3 General Provisions for Termination Built into Child Support Orders in Florida
In Florida, child support orders are required to state the following terms, each of which impacts the termination of child support in Florida:
1. An Acknowledgement that Child Support Ends When the Child Reaches Majority
In Florida, child support terminates on a child’s 18th birthday. There are, however, some exceptions which are discussed below.
2. A Payment Schedule for the Support of Additional Minor Children After One Reaches Majority
If your child support order includes more than one child, the order will need to include a support schedule. It should outline the support a parent is obligated to pay for all minor children at the time the child support order is created, and, also, the amount obligated once one or more children are no longer entitled to receive support.
3. The Exact Date of Termination
Even if your minor children are very young, your support order needs to include a termination date specifying the month, day, and year that either the reduction or termination of child support will become effective.
Circumstances in Which a Child Support Order May Not Automatically Terminate
Remember that child support is created for, and owed to, the child, not the parent receiving the check. For this reason, child support payments may not terminate in circumstances where the child is unable to support themselves by the time they reach majority.
As a result, there are some exceptions to the three provisions above, which are captured in Florida Statute 743.07(2).
The statute includes an exception for cases in which a child is dependent on their parents due to a mental or physical incapacity that began before they turned 18 years old.

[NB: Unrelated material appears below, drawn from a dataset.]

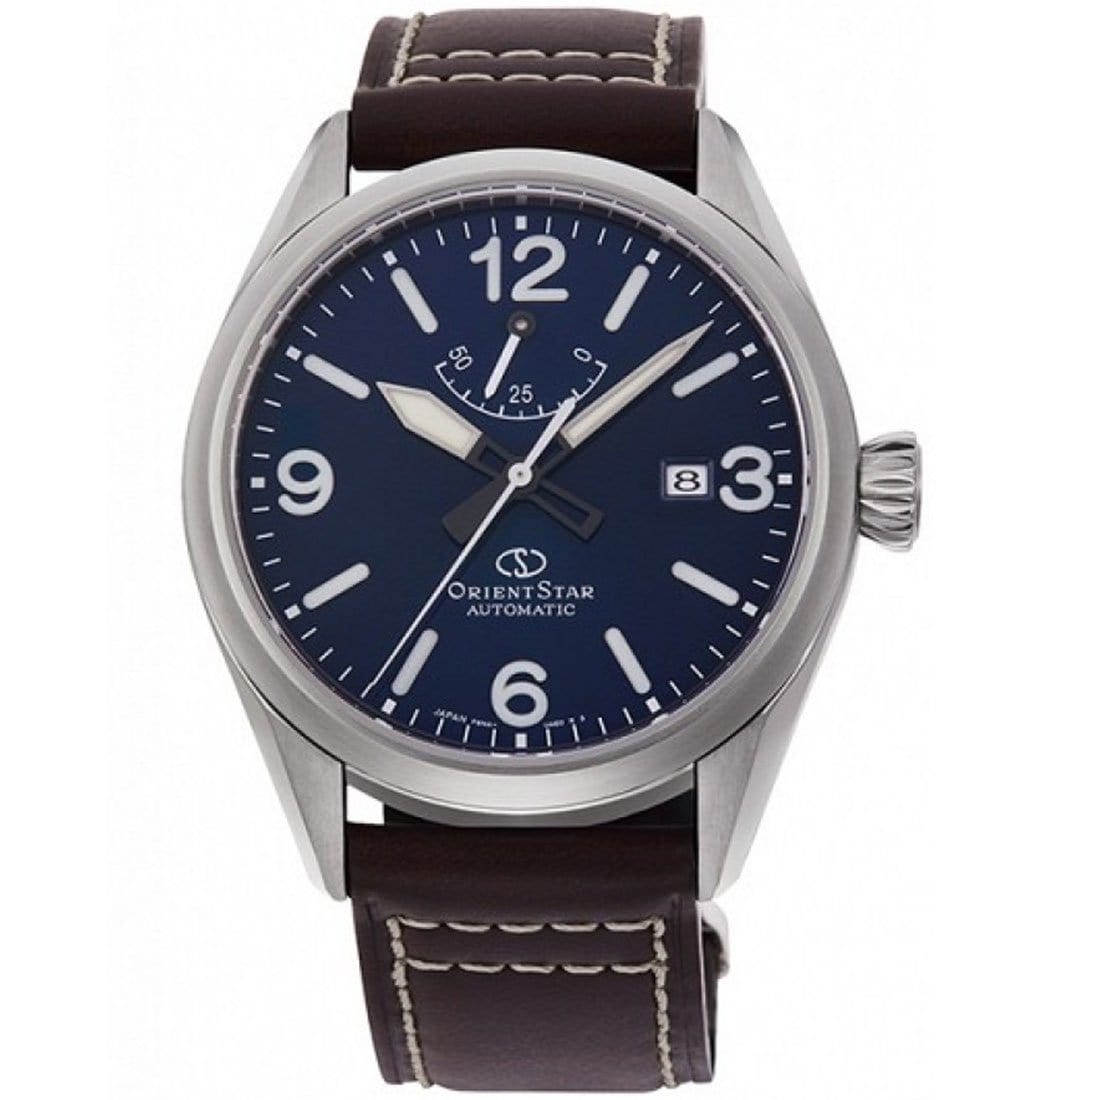 Orient Star RE-AU0204L RE-AU0204L00B Mens Automatic Leather Watch

It also includes an exception to the termination of child support when the child reaches majority if they turn 18 before graduating high school. If there’s a reasonable expectation that the child will graduate high school before they turn 19, child support can be extended to the time of graduation.
Child support doesn’t necessarily terminate when parenting arrangements impacting support are modified, either. Changes to the custody or time-sharing plan are two prime examples.
For instance, a custody order may be modified when a minor child moves from the payee parent’s home to the payor parent’s home. This change could warrant a modification to the child support order, including the amount of support owed by the payor; however, the modification isn’t automatic. The payor will still need to seek a modification through the court to reduce or terminate the support obligation.
5 Significant Changes in Circumstances That Can Terminate a Child Support Order
A child support order, including its termination provisions, is created with consideration for the child’s age of majority, parental rights, and paternity, among other factors. But, what if one or more of these factors changes from the time child support is ordered to the time the order is legally scheduled to terminate?
The Florida courts recognize five specific and significant changes in circumstances that can terminate child support.
1. Death of the Parent or Child
If the parent or child passes away, the child support obligation is terminated. The courts cannot require child support to be owed once a payor is deceased unless the parent has agreed to those terms.
Because a parent’s death and the termination of child support can harm the financial stability of the family and child, life insurance is an important consideration. In Florida, parents can be required to hold a life insurance policy for this reason.
Read more about How Insurance Impacts Child Support.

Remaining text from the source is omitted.